An exact repetition of the data below, without images, is the expected answer.

─── EXERCISE DATA ───

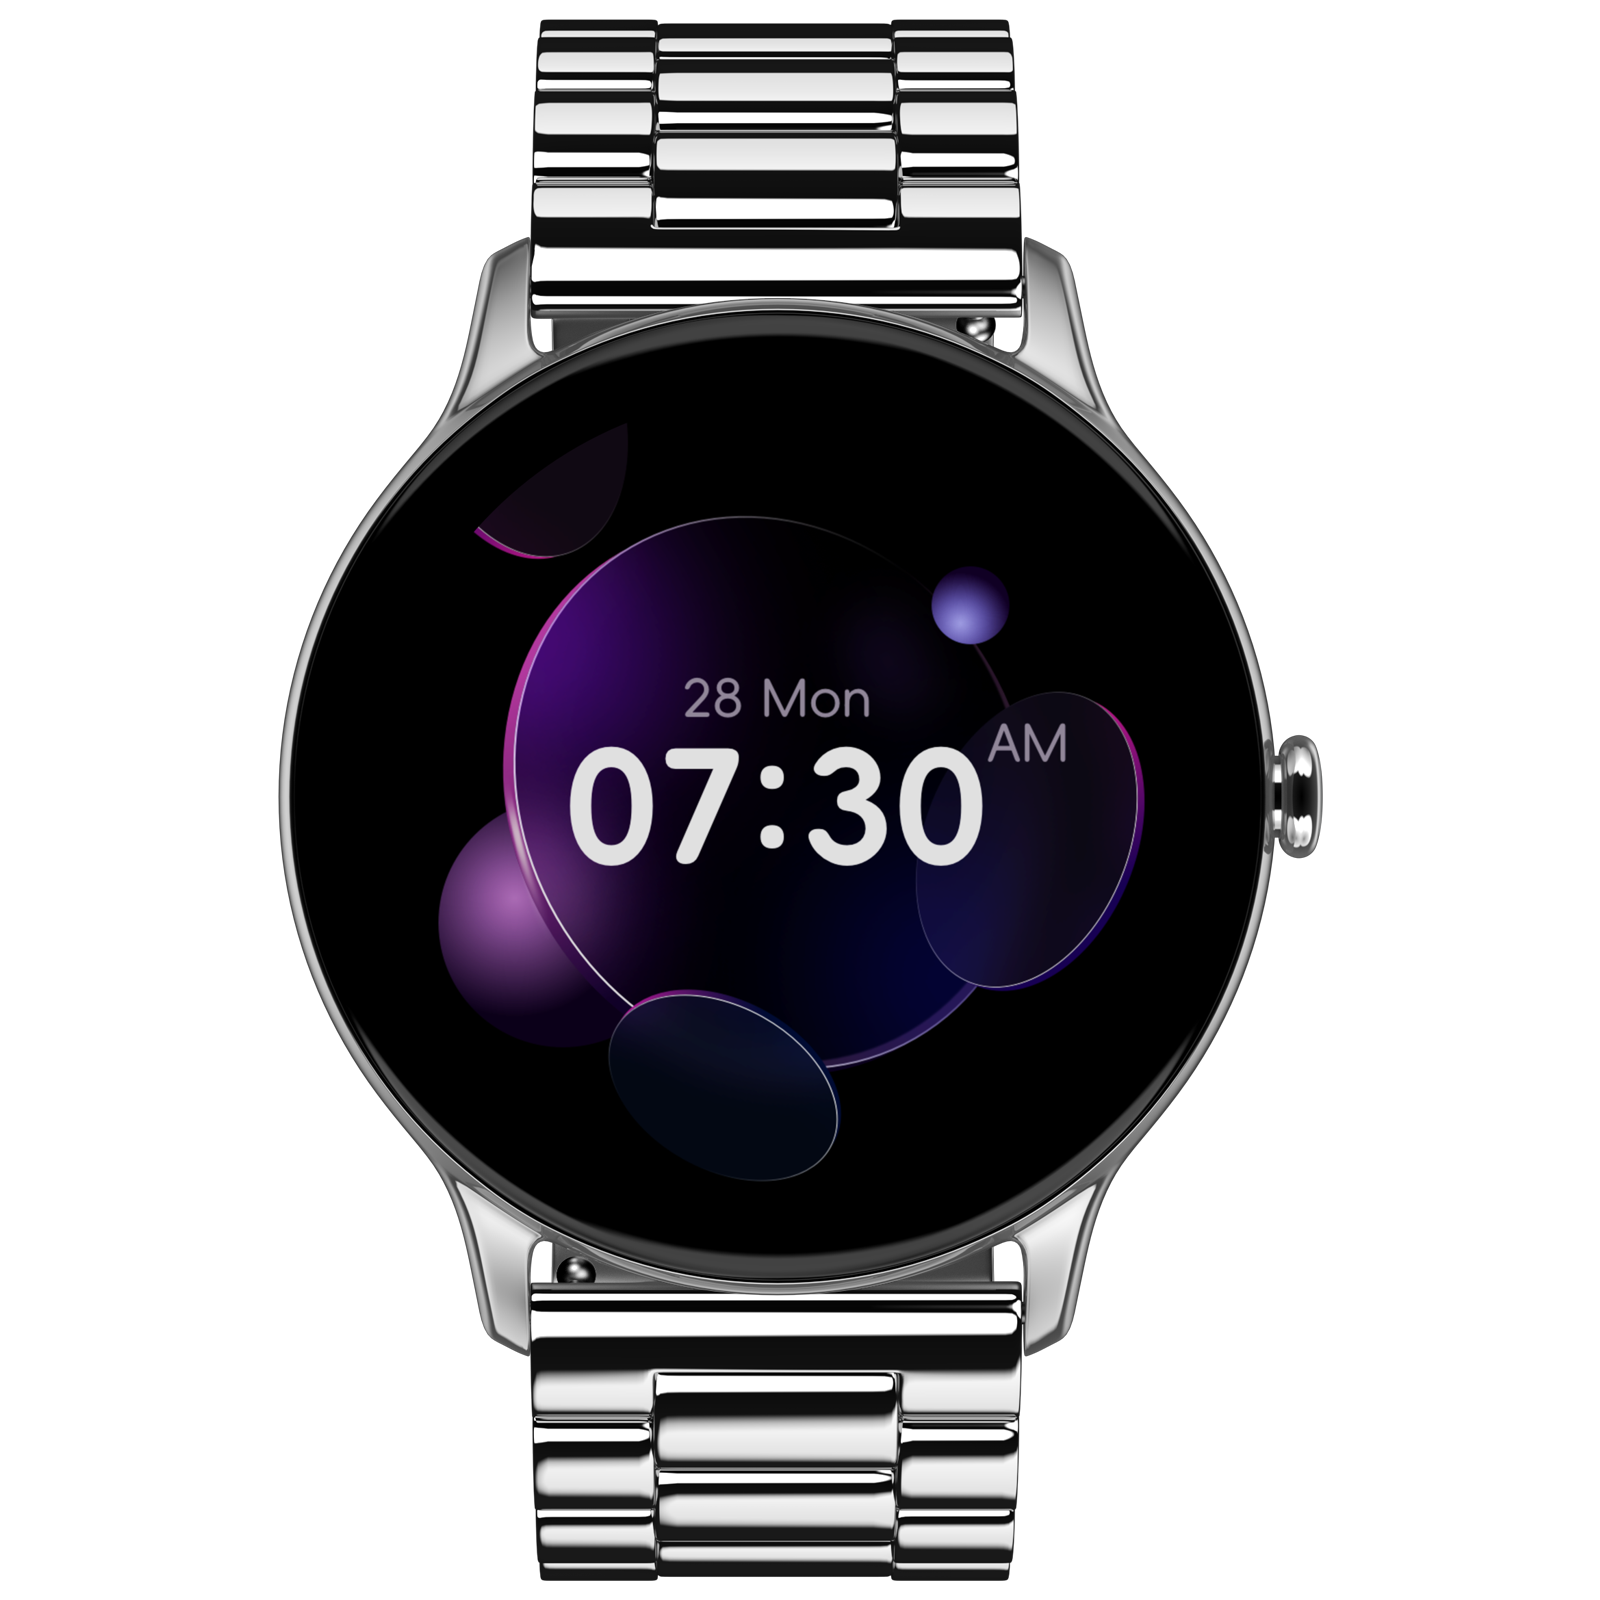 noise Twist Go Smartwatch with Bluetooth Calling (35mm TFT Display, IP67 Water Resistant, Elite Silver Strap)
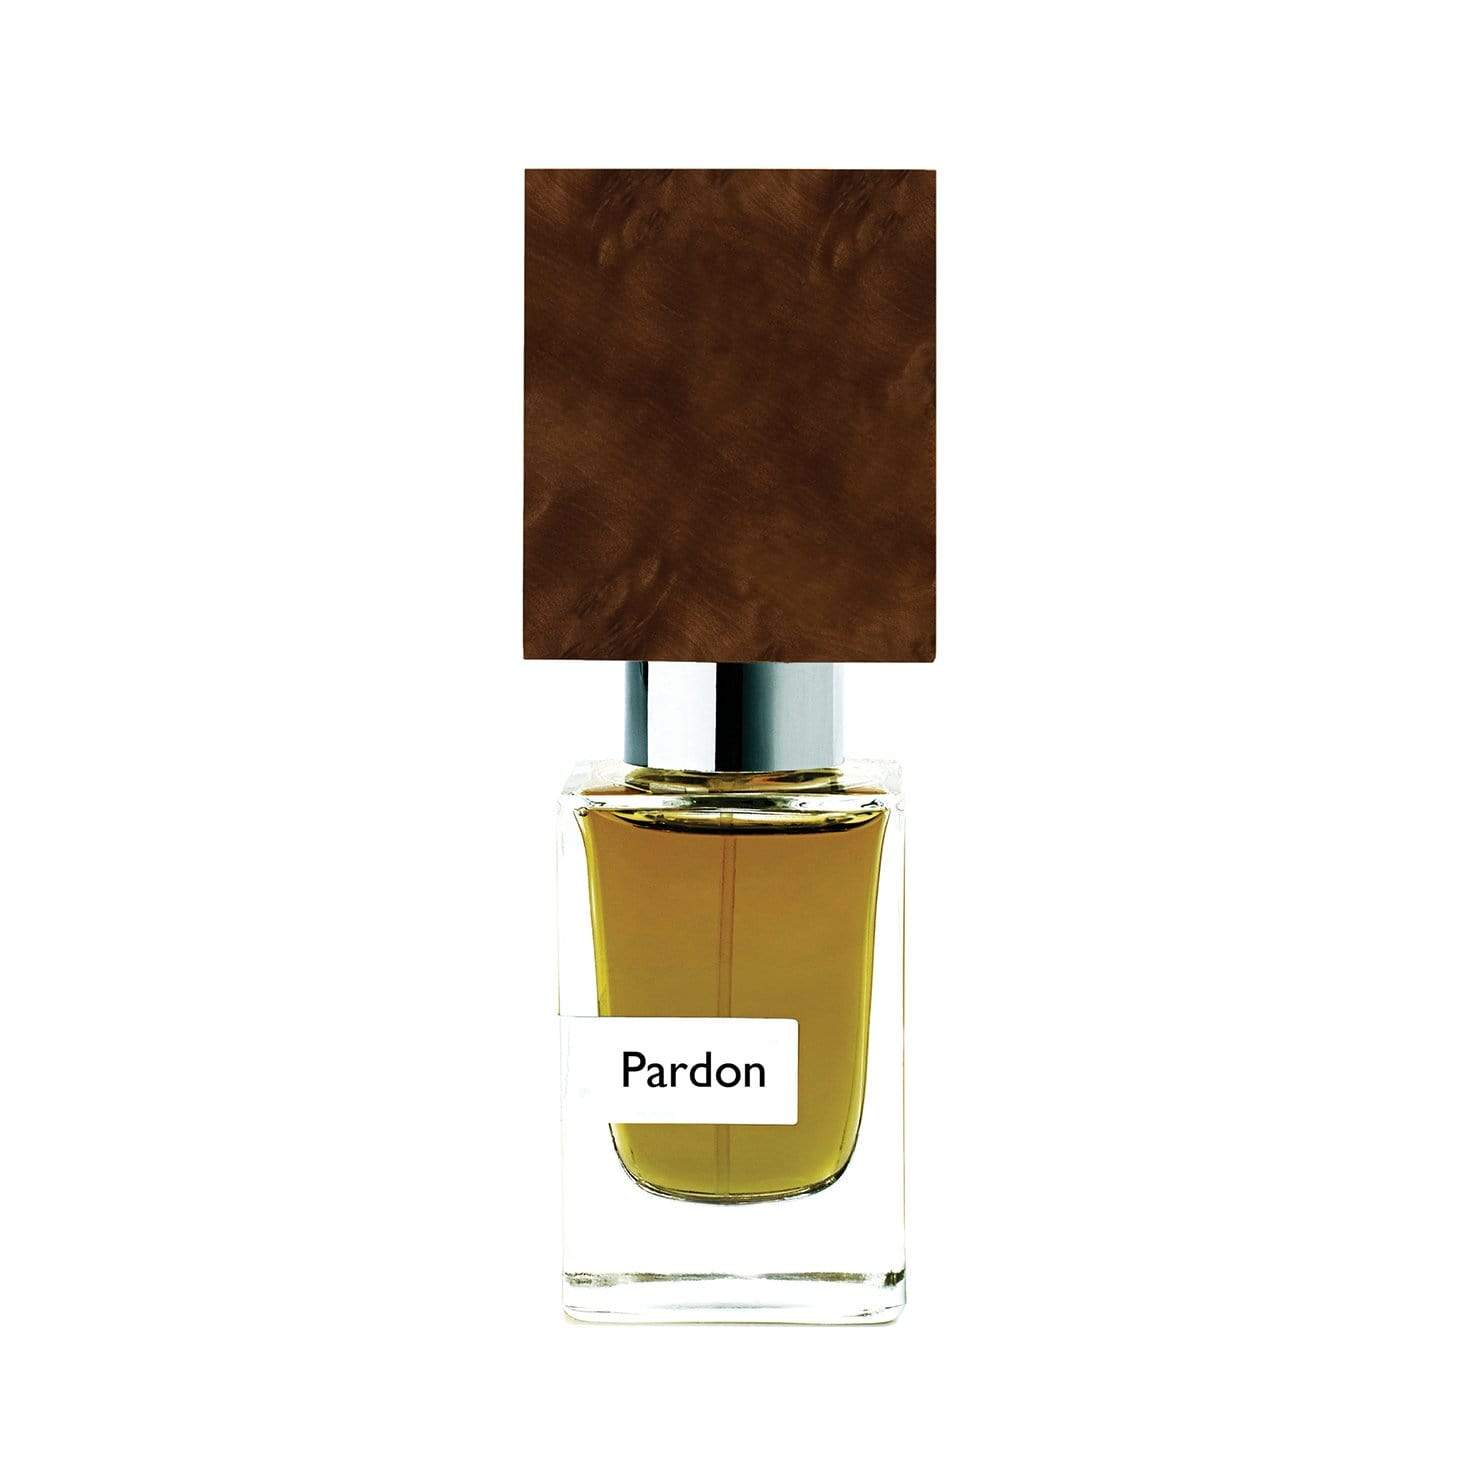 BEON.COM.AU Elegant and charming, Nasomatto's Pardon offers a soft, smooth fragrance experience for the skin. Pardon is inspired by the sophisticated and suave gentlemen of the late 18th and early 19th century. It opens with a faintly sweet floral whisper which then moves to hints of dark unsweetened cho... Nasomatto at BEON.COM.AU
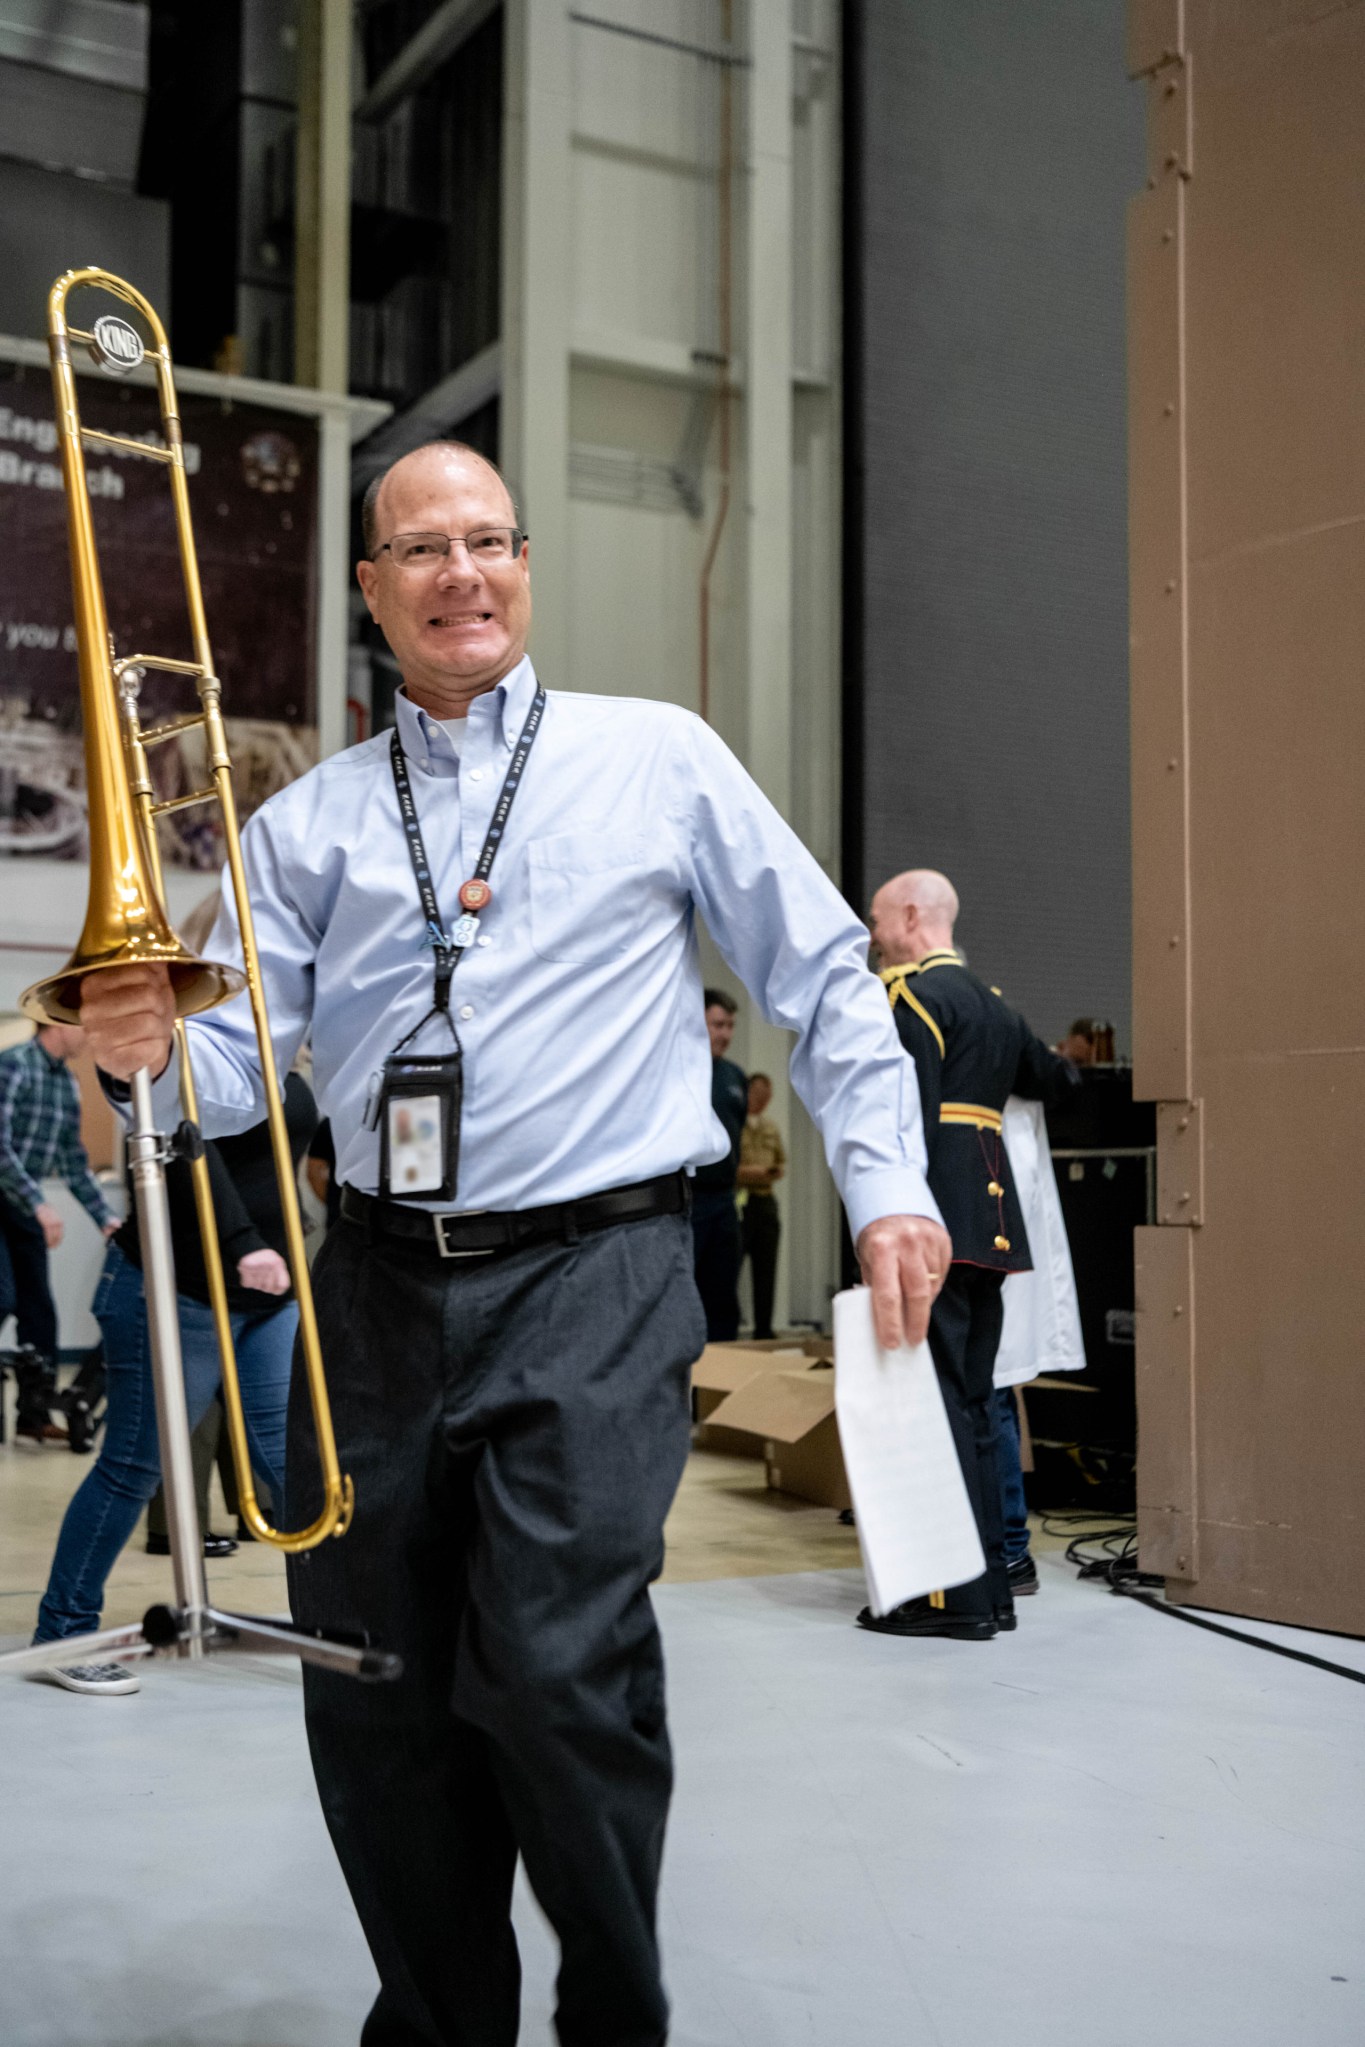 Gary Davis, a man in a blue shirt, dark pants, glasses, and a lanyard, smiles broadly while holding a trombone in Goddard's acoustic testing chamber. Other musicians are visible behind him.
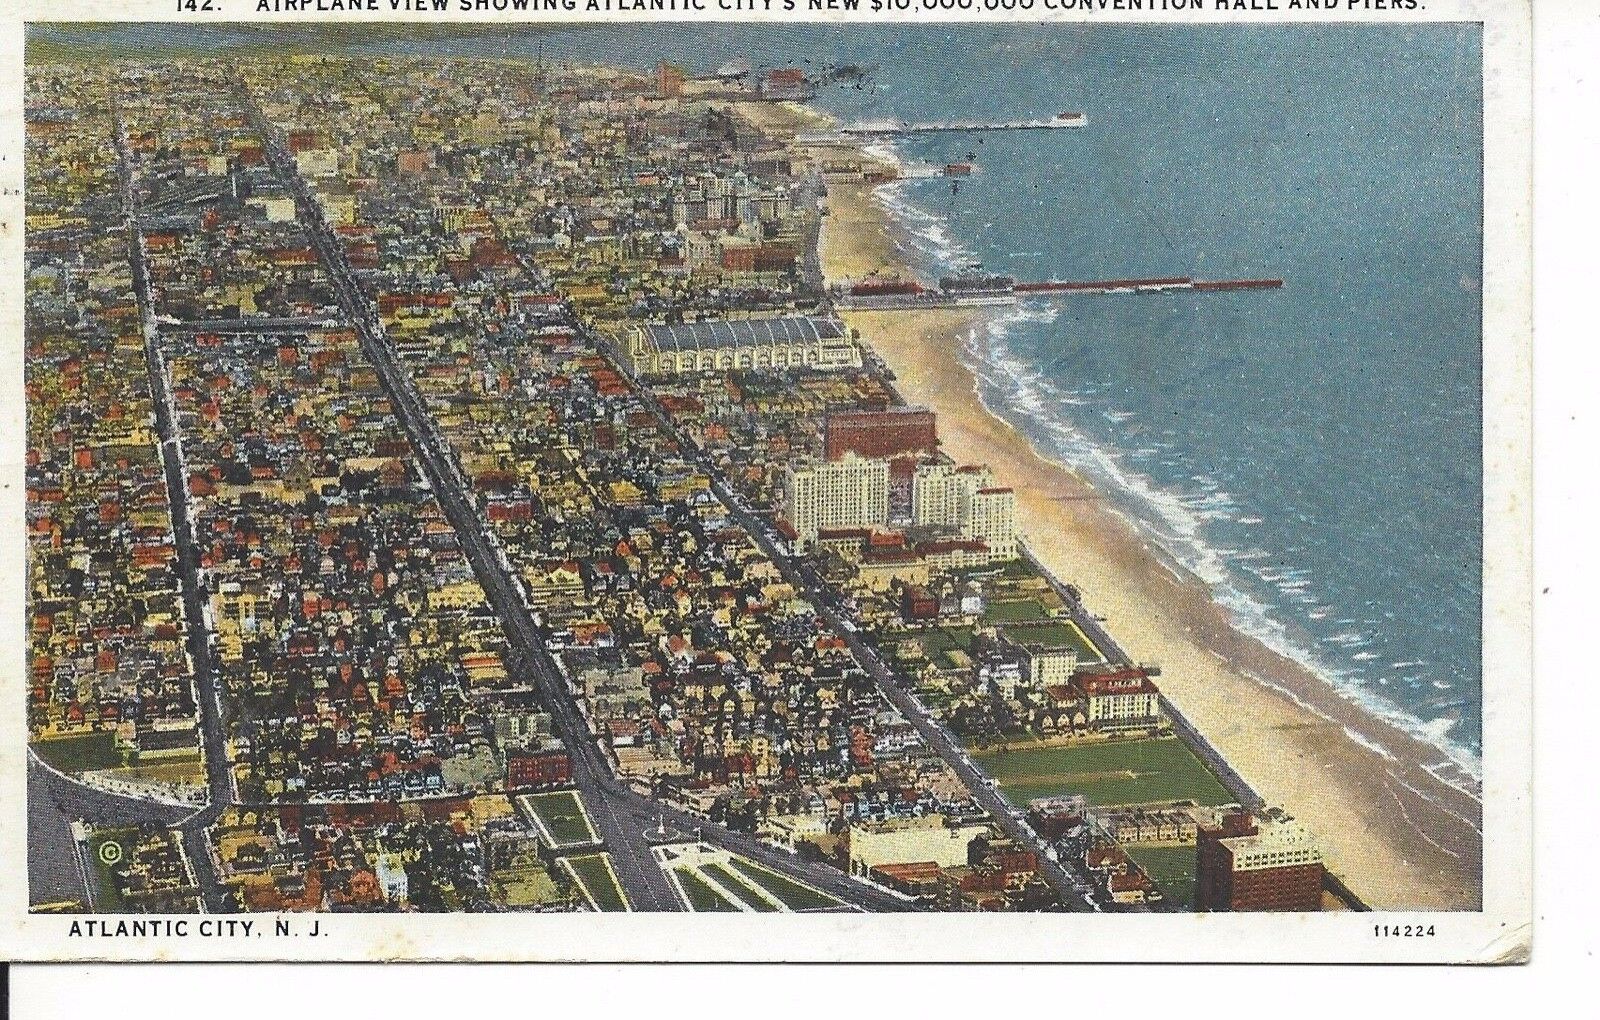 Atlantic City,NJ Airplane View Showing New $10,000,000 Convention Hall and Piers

───

## SOLUTION FOR THIS EXERCISE:
 noise Twist Go Smartwatch with Bluetooth Calling (35mm TFT Display, IP67 Water Resistant, Elite Silver Strap)
 BEON.COM.AU Elegant and charming, Nasomatto's Pardon offers a soft, smooth fragrance experience for the skin. Pardon is inspired by the sophisticated and suave gentlemen of the late 18th and early 19th century. It opens with a faintly sweet floral whisper which then moves to hints of dark unsweetened cho... Nasomatto at BEON.COM.AU
 Gary Davis, a man in a blue shirt, dark pants, glasses, and a lanyard, smiles broadly while holding a trombone in Goddard's acoustic testing chamber. Other musicians are visible behind him.
 Atlantic City,NJ Airplane View Showing New $10,000,000 Convention Hall and Piers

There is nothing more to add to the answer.